Encapsulated beta-islet cells as a bioartificial pancreas to treat insulin-dependent diabetes during pregnancy.

Objective: Our purpose was to determine the effectiveness of the bioartificial pancreas technique in correcting (1) maternal carbohydrate metabolism and (2) fetal malformation rates in a pregnant diabetic animal model.

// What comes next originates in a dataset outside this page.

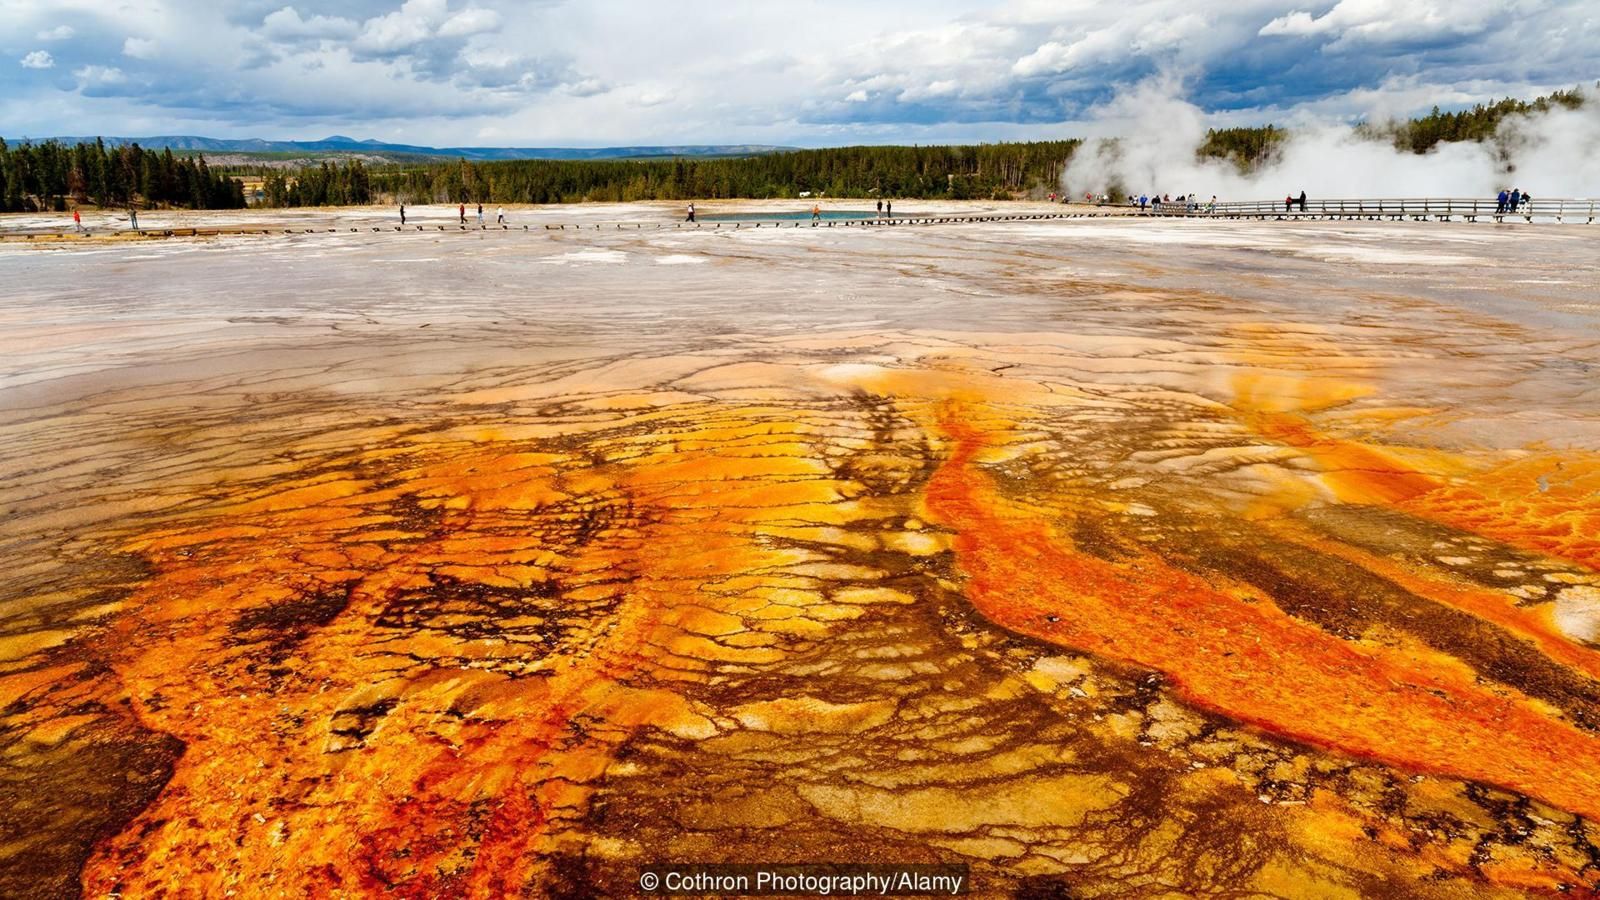 Belki de yaşam, ABD'deki Yellowstone Ulusal Parkı'nda bulunan bu volkanik gölet gibi bir yerde başlamıştı.
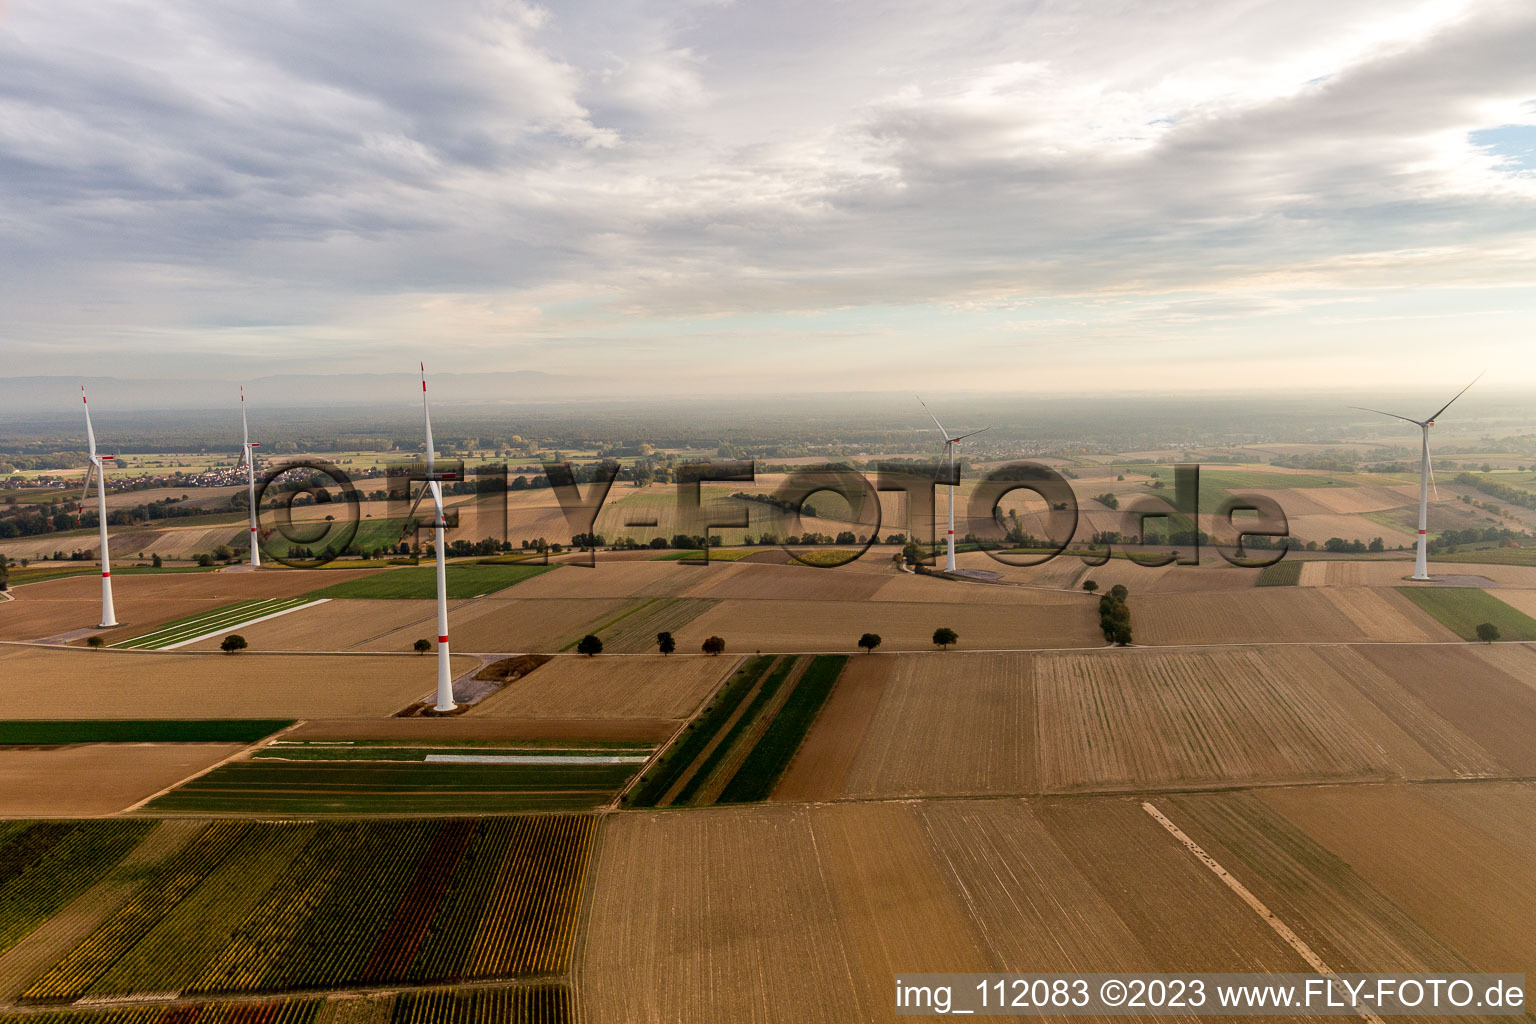 Parc éolien EnBW - éolienne avec 6 éoliennes à Freckenfeld dans le département Rhénanie-Palatinat, Allemagne vu d'un drone

Study Design: Insulin secretion from encapsulated rat islets cultured in the presence of homologous rat prolactin was determined and compared with that of controls. Streptozotocin-induced diabetic Balb/c mice were then transplanted with rat islet cells encapsulated within alginate microbeads and were then bred. Blood glucose determinations were made after transplantation and throughout gestation. Pups were delivered by cesarean section on day 19 of gestation. Outcome parameters from the transplanted study animals were compared with those of nondiabetic controls and untreated diabetic animals.

Results: Insulin secretion was increased twofold in encapsulated rat islets exposed to prolactin compared with control values. Throughout gestation maternal weights and blood, glucose levels of transplanted animals were similar to those of nondiabetic controls. A fetal malformation rate of only 1.4% was observed in the pups from transplanted animals.

Conclusions: Transplanted encapsulated islets are capable of normalizing maternal carbohydrate metabolism in a pregnant diabetic animal model. This therapy, if instituted before conception, also appears to eliminate the increase in fetal malformations seen in diabetic pregnancies.